Task directions
Exactly as written, return every line of the data below.

Data for the task
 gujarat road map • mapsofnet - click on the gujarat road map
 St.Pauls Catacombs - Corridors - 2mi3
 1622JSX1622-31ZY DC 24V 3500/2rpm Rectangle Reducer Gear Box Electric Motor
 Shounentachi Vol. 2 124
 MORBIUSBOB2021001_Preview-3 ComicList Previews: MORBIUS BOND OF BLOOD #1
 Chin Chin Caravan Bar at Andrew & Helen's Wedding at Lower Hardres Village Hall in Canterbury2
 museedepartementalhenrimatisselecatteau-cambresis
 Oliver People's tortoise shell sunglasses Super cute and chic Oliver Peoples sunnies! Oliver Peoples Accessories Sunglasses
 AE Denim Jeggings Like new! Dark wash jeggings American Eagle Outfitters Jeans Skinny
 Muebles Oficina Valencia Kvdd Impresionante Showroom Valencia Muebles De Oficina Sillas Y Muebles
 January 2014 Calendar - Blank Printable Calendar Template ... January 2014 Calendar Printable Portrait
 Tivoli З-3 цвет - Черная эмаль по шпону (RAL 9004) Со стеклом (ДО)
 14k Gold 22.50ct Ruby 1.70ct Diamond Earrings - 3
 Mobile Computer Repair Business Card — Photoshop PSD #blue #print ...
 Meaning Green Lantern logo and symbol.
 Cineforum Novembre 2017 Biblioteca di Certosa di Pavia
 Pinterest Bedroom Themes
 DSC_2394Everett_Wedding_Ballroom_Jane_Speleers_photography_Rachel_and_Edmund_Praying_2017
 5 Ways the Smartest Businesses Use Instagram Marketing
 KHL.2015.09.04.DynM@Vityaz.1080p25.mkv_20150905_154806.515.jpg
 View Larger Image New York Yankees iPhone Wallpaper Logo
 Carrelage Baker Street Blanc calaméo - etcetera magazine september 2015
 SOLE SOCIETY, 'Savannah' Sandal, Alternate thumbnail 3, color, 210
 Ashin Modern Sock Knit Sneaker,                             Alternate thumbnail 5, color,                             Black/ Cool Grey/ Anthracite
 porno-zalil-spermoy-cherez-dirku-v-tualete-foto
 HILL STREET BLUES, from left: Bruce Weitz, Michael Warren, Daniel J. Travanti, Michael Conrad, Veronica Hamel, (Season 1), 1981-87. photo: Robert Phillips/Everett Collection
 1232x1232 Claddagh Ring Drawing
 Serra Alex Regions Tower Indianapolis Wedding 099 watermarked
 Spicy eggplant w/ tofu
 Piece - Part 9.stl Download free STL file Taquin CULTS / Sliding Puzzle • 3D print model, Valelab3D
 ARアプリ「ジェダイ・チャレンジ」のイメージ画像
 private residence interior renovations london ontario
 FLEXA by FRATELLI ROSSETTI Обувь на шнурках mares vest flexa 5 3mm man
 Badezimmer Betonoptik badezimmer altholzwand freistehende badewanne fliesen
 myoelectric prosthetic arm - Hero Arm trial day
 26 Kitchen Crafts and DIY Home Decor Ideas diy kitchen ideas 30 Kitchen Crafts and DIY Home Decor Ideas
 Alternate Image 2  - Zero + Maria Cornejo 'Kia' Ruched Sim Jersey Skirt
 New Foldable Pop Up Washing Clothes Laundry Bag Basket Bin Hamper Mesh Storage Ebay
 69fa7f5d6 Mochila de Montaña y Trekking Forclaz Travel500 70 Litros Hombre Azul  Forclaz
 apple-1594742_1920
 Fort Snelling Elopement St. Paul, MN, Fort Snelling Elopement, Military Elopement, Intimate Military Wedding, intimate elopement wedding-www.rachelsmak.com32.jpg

Output of the exercise
 gujarat road map • mapsofnet - click on the gujarat road map
 St.Pauls Catacombs - Corridors - 2mi3
 1622JSX1622-31ZY DC 24V 3500/2rpm Rectangle Reducer Gear Box Electric Motor
 Shounentachi Vol. 2 124
 MORBIUSBOB2021001_Preview-3 ComicList Previews: MORBIUS BOND OF BLOOD #1
 Chin Chin Caravan Bar at Andrew & Helen's Wedding at Lower Hardres Village Hall in Canterbury2
 museedepartementalhenrimatisselecatteau-cambresis
 Oliver People's tortoise shell sunglasses Super cute and chic Oliver Peoples sunnies! Oliver Peoples Accessories Sunglasses
 AE Denim Jeggings Like new! Dark wash jeggings American Eagle Outfitters Jeans Skinny
 Muebles Oficina Valencia Kvdd Impresionante Showroom Valencia Muebles De Oficina Sillas Y Muebles
 January 2014 Calendar - Blank Printable Calendar Template ... January 2014 Calendar Printable Portrait
 Tivoli З-3 цвет - Черная эмаль по шпону (RAL 9004) Со стеклом (ДО)
 14k Gold 22.50ct Ruby 1.70ct Diamond Earrings - 3
 Mobile Computer Repair Business Card — Photoshop PSD #blue #print ...
 Meaning Green Lantern logo and symbol.
 Cineforum Novembre 2017 Biblioteca di Certosa di Pavia
 Pinterest Bedroom Themes
 DSC_2394Everett_Wedding_Ballroom_Jane_Speleers_photography_Rachel_and_Edmund_Praying_2017
 5 Ways the Smartest Businesses Use Instagram Marketing
 KHL.2015.09.04.DynM@Vityaz.1080p25.mkv_20150905_154806.515.jpg
 View Larger Image New York Yankees iPhone Wallpaper Logo
 Carrelage Baker Street Blanc calaméo - etcetera magazine september 2015
 SOLE SOCIETY, 'Savannah' Sandal, Alternate thumbnail 3, color, 210
 Ashin Modern Sock Knit Sneaker,                             Alternate thumbnail 5, color,                             Black/ Cool Grey/ Anthracite
 porno-zalil-spermoy-cherez-dirku-v-tualete-foto
 HILL STREET BLUES, from left: Bruce Weitz, Michael Warren, Daniel J. Travanti, Michael Conrad, Veronica Hamel, (Season 1), 1981-87. photo: Robert Phillips/Everett Collection
 1232x1232 Claddagh Ring Drawing
 Serra Alex Regions Tower Indianapolis Wedding 099 watermarked
 Spicy eggplant w/ tofu
 Piece - Part 9.stl Download free STL file Taquin CULTS / Sliding Puzzle • 3D print model, Valelab3D
 ARアプリ「ジェダイ・チャレンジ」のイメージ画像
 private residence interior renovations london ontario
 FLEXA by FRATELLI ROSSETTI Обувь на шнурках mares vest flexa 5 3mm man
 Badezimmer Betonoptik badezimmer altholzwand freistehende badewanne fliesen
 myoelectric prosthetic arm - Hero Arm trial day
 26 Kitchen Crafts and DIY Home Decor Ideas diy kitchen ideas 30 Kitchen Crafts and DIY Home Decor Ideas
 Alternate Image 2  - Zero + Maria Cornejo 'Kia' Ruched Sim Jersey Skirt
 New Foldable Pop Up Washing Clothes Laundry Bag Basket Bin Hamper Mesh Storage Ebay
 69fa7f5d6 Mochila de Montaña y Trekking Forclaz Travel500 70 Litros Hombre Azul  Forclaz
 apple-1594742_1920
 Fort Snelling Elopement St. Paul, MN, Fort Snelling Elopement, Military Elopement, Intimate Military Wedding, intimate elopement wedding-www.rachelsmak.com32.jpg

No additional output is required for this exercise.